The output connector had oxidized and was intermittent. The preselector wasn't doing beans on any band. Spurs were extremely high on 15 and 20. So more troubleshooting - the HFO on 15 meters was tuned to the wrong signal. Ugh - "excellent working condition" my left knuckle. Part way through the process I muttered "this thing is a basket case and should go in the dumpster." But I remembered lessons learned from #3 - one circuit at a time. Well here we go, another winner. Looks and plays great! If I didn't love working on radios so much it would not have been worth the effort. Taking into account the time I spent and the money I saved over a radio in the condition it ended up in, and considering I worked about 6 hours a day for eight days to save around $75... I worked for $1.56/hour. Good thing it's a labor of love! Now that it's working, I'll gradually re-mount most of the PCB components, which like #3 are mounted too high off the board. There's plenty of old flux to be cleaned off as well. I'm about 50% of the way through that project. And the re-paint job on this one is too light. But it works meanwhile.
The question is - will I be dumb enough to sell this one? NO WAY JOSE!!! Nobody's stupid enough to make the same mistake four times! <g> (Although I wouldn't mind another HW-8 to fix!)
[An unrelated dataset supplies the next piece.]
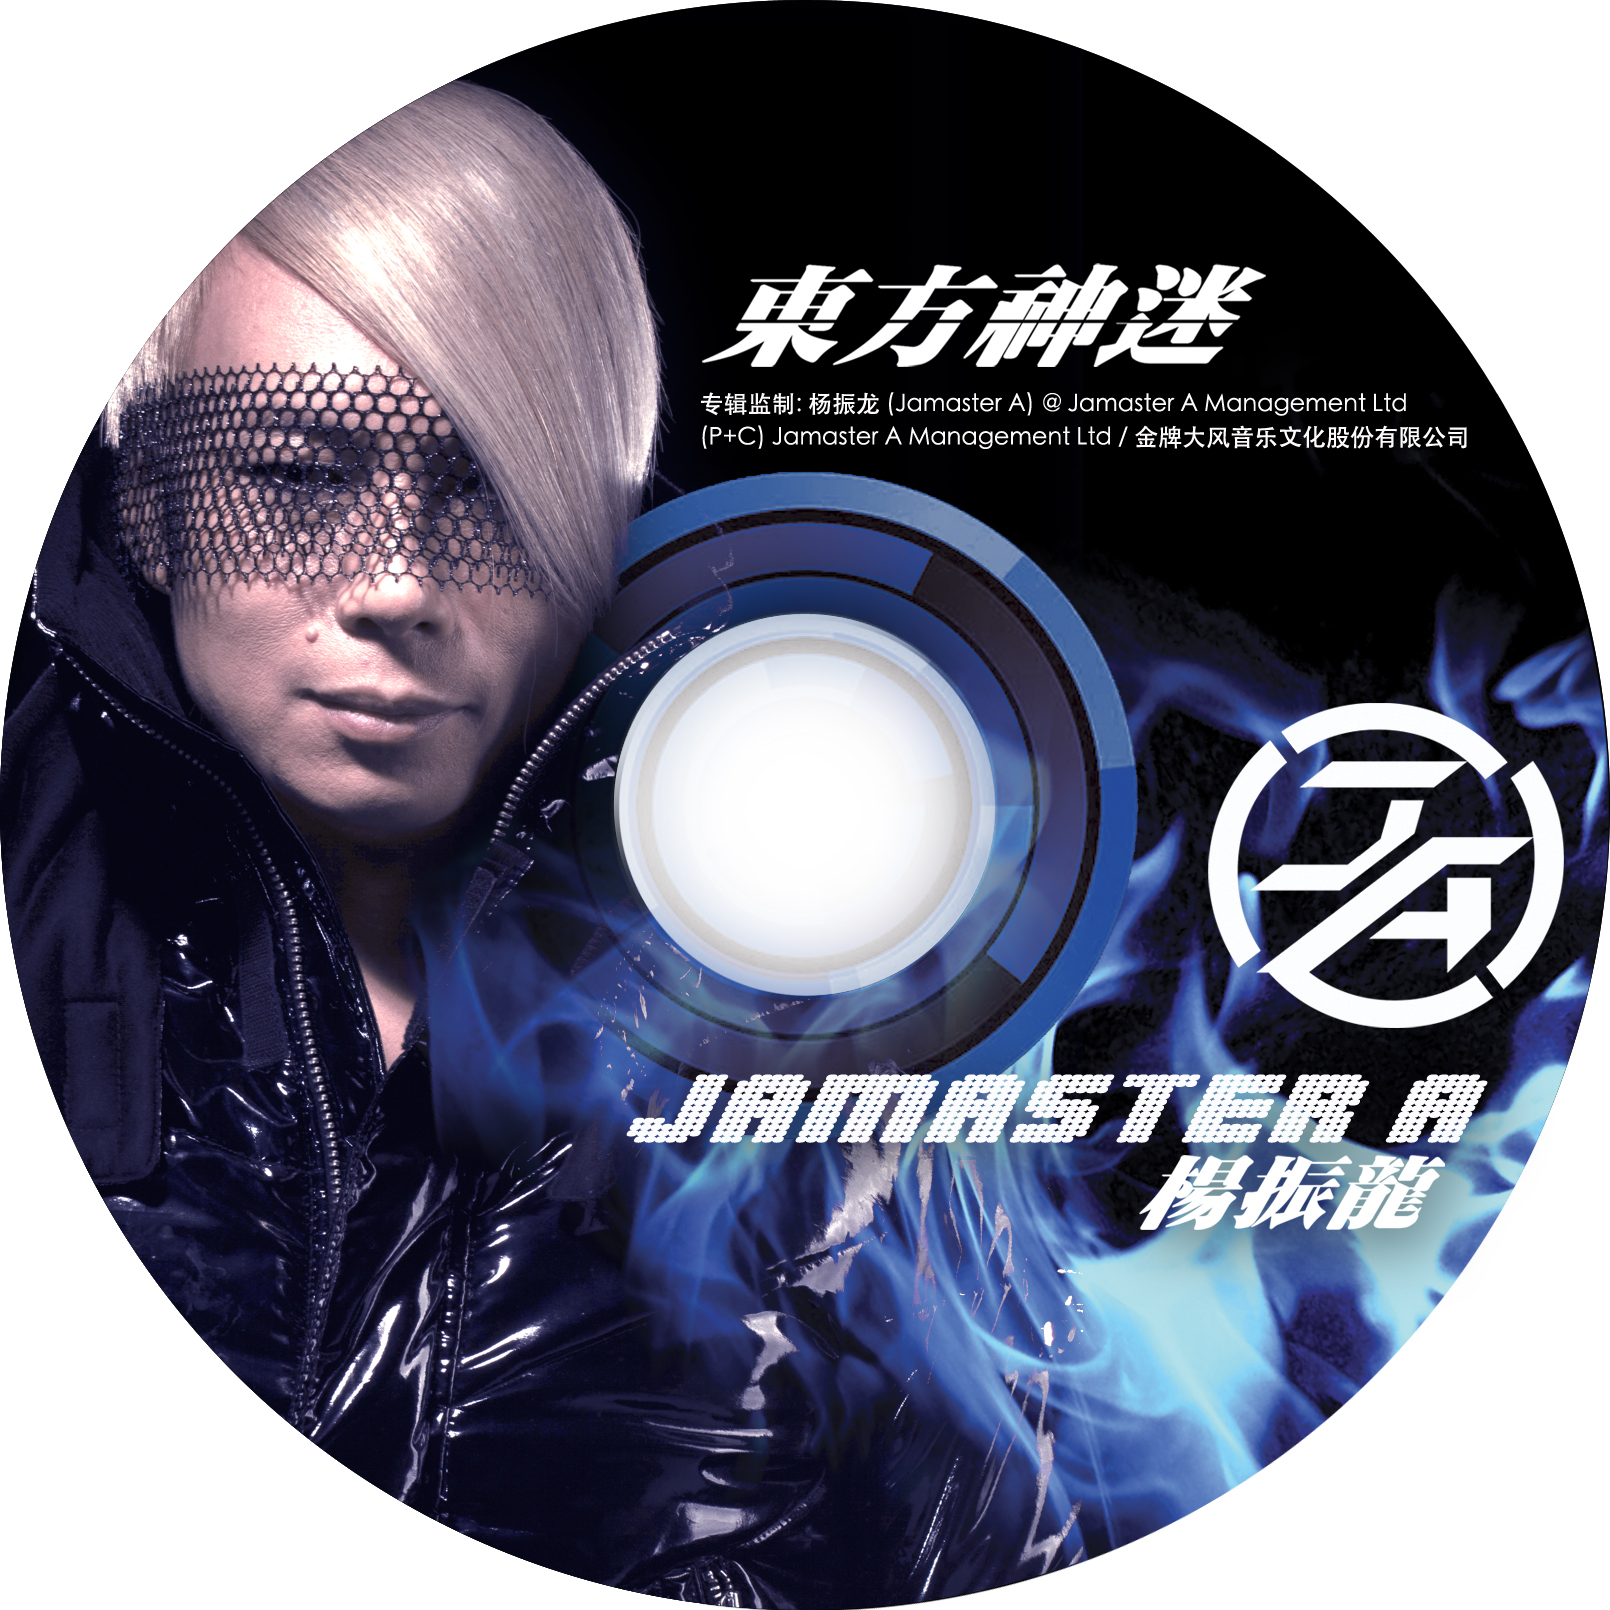 Jamaster A ft. zhang hui mei  ru guo ni ye ting shuo Max VS Jamaster A Remix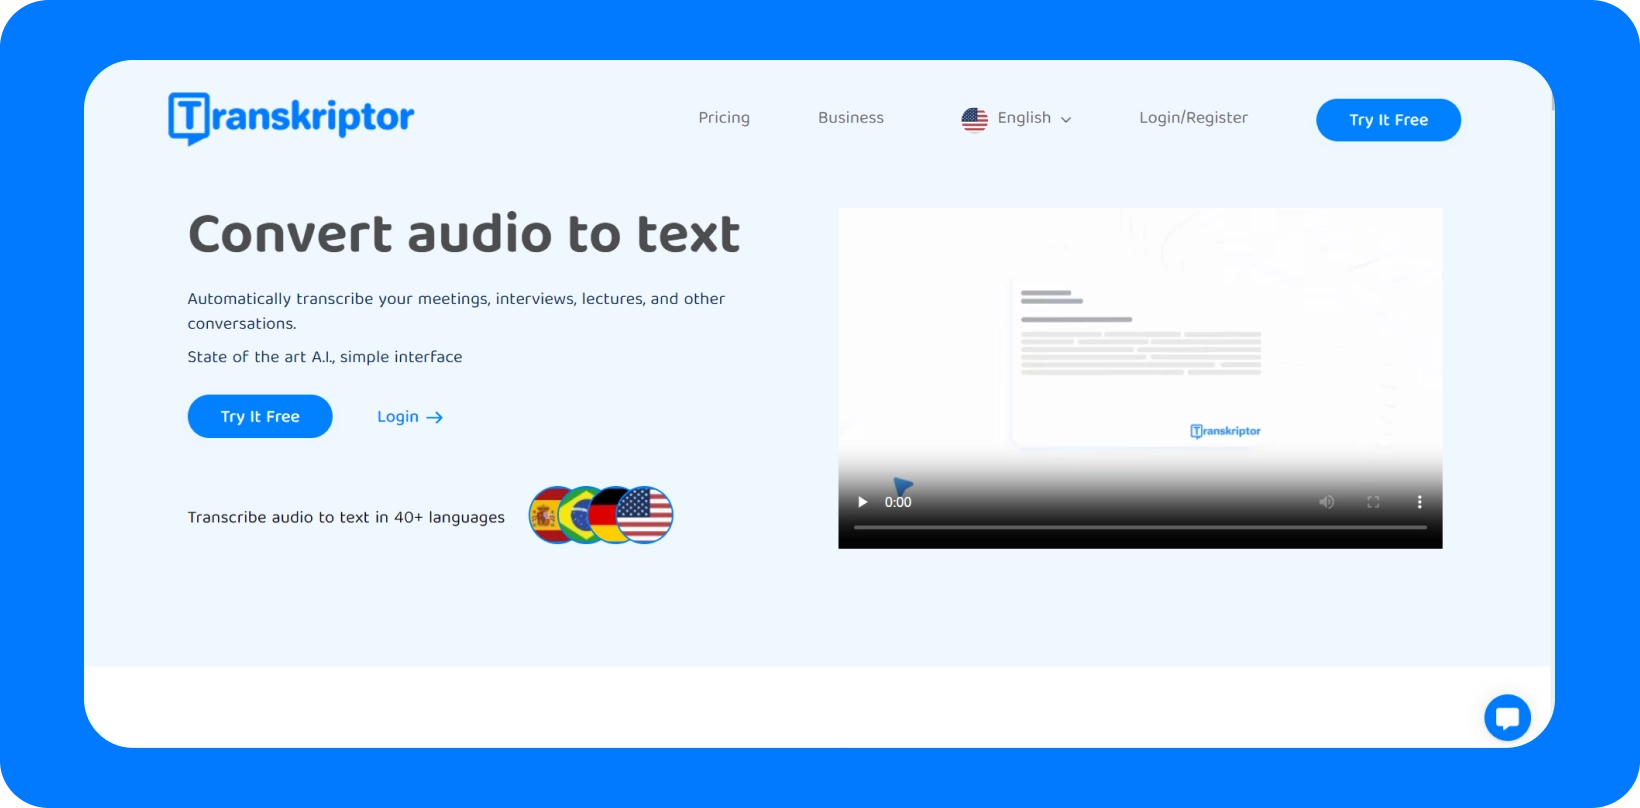 Transkriptor rozhranie predstavujúce službu "Konvertovať zvuk na text" s podporou viacerých jazykov.

Update June 30 - Just got one. Fried. Looks like one of the the previous owners connected the supply voltage backwards. There's strong smoke smell, and the power transistor has been replaced. To no avail as there is also a burned out circuit trace in the +14V supply line. I'm betting every semiconductor device in this one is fried. But at least the seller was honest about it - so I knew this was going to be my biggest challenge. But, I AM THE HW-8 MASTER OF THE UNIVERSE AND I SHALL PREVAIL!!! I've already put together a kit of replacement transistors, diodes, and ICs so I'm ready for anything!